Jun 2016

Addiction, 12-Step Programs, and Evidentiary Standards for Ethically and Clinically Sound Treatment Recommendations: What Should Clinicians Do?

Annette Mendola, PhD and Richard L. Gibson, MD, MPH
AMA J Ethics. 2016;18(6):646-655. doi: 10.1001/journalofethics.2016.18.6.sect1-1606.


Addiction is a complex phenomenon characterized by a loss of control and compulsive, habitual behavior. Since there is no single, specific cause for addiction, there is no single, standard treatment for it. A variety of approaches are used, including counseling, psychotherapy, medications, and mutual help groups (MHG). The best known and most widely available approach to addiction is 12-step (TS) programs of recovery, a variety of MHG. These have been lauded as lifesaving by some and criticized by others. We argue that TS programs are an appropriate mode of help for those seeking to quit an addiction but should not be the only approach considered.

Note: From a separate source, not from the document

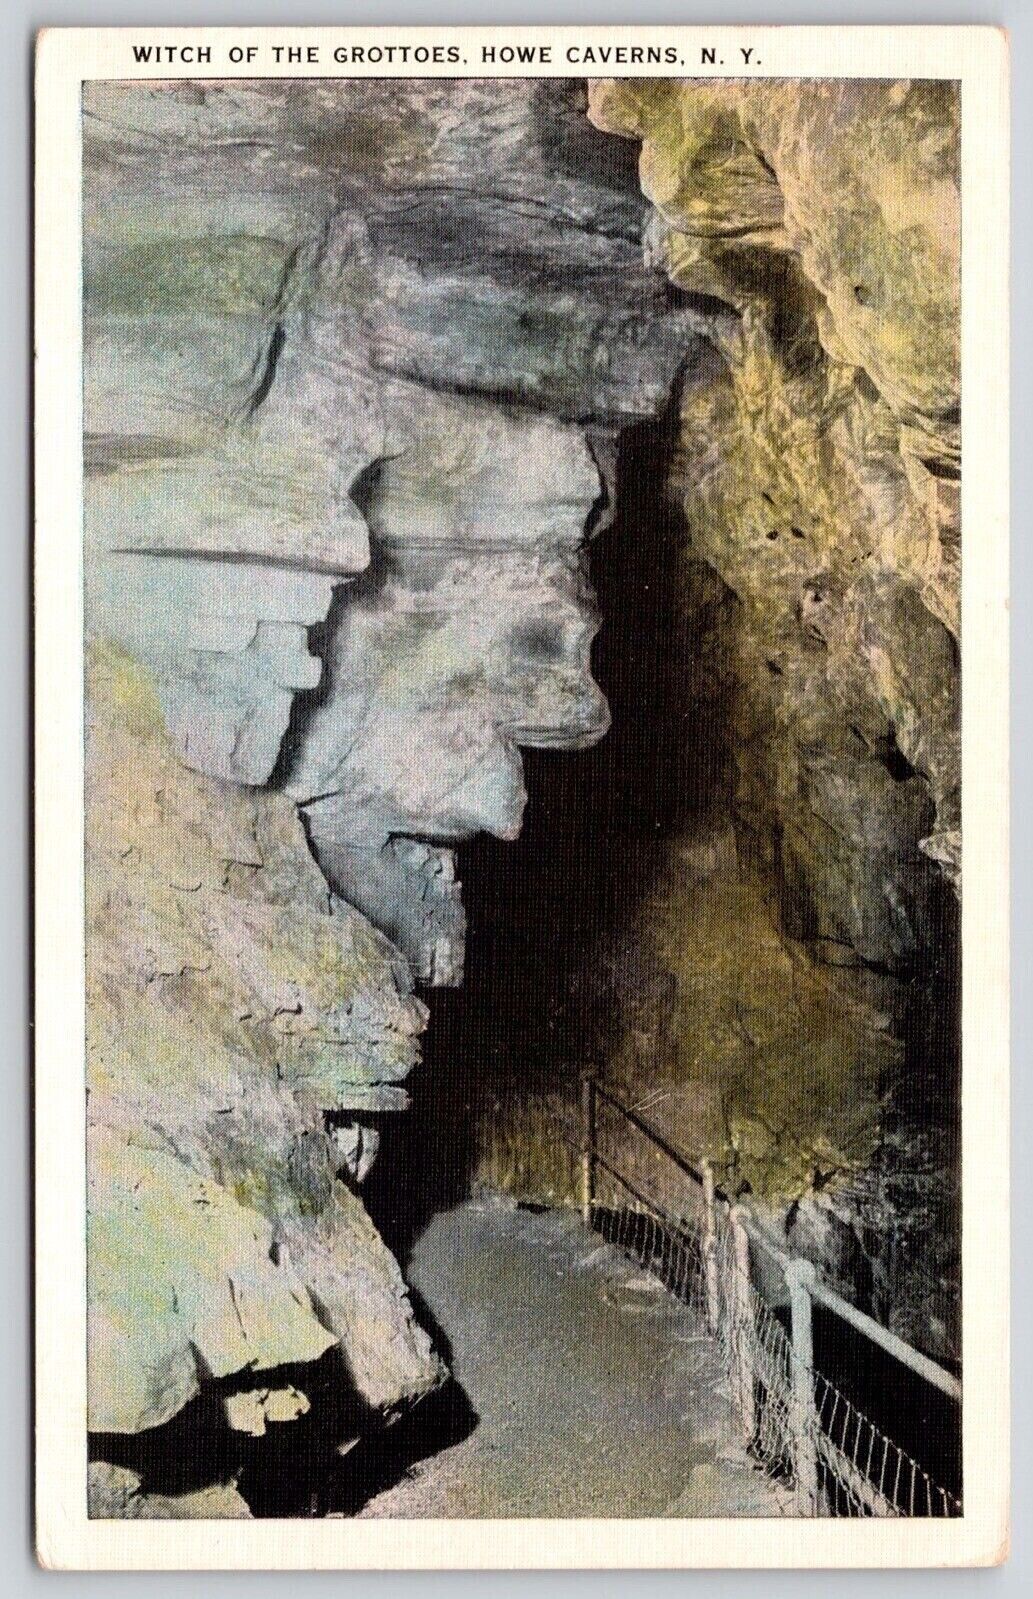 Witch Grottoes Howe Caverns New York Cave Interior Historic NY Vintage Postcard

Addiction is a complex phenomenon influenced by psychosocial, environmental, neurological, and genetic factors and characterized by loss of control and compulsive, habitual behavior [1]. While sometimes used interchangeably with “chemical dependency,” the term “addiction” is used here to refer to any compulsive habit, including use of substances that produce dependency (e.g., alcohol), use of substances that do not produce dependency (e.g., marijuana), and compulsive habits unrelated to substances (e.g., gambling).

Since there is no single, specific cause for addiction, there is no single, standard treatment for it. A variety of psychosocial treatments are used, including counseling, psychotherapy, and mutual help groups (MHG) [2]. Medication might be helpful, even essential, in some cases. These treatments might be used in combination or sequentially and in a range of different settings. None, however, promises even a probable cure for a particular person.

The best known and most widely available approach to addiction is 12-step (TS) programs of recovery, a variety of MHG. These have been lauded as lifesaving by some and criticized by others [3]. We argue that TS programs are an appropriate mode of help for those seeking to quit an addiction but should not be the only approach considered. Persistence in the chosen modality and solid, healthy relationships with the people facilitating recovery could be more important than the modality itself [4-6].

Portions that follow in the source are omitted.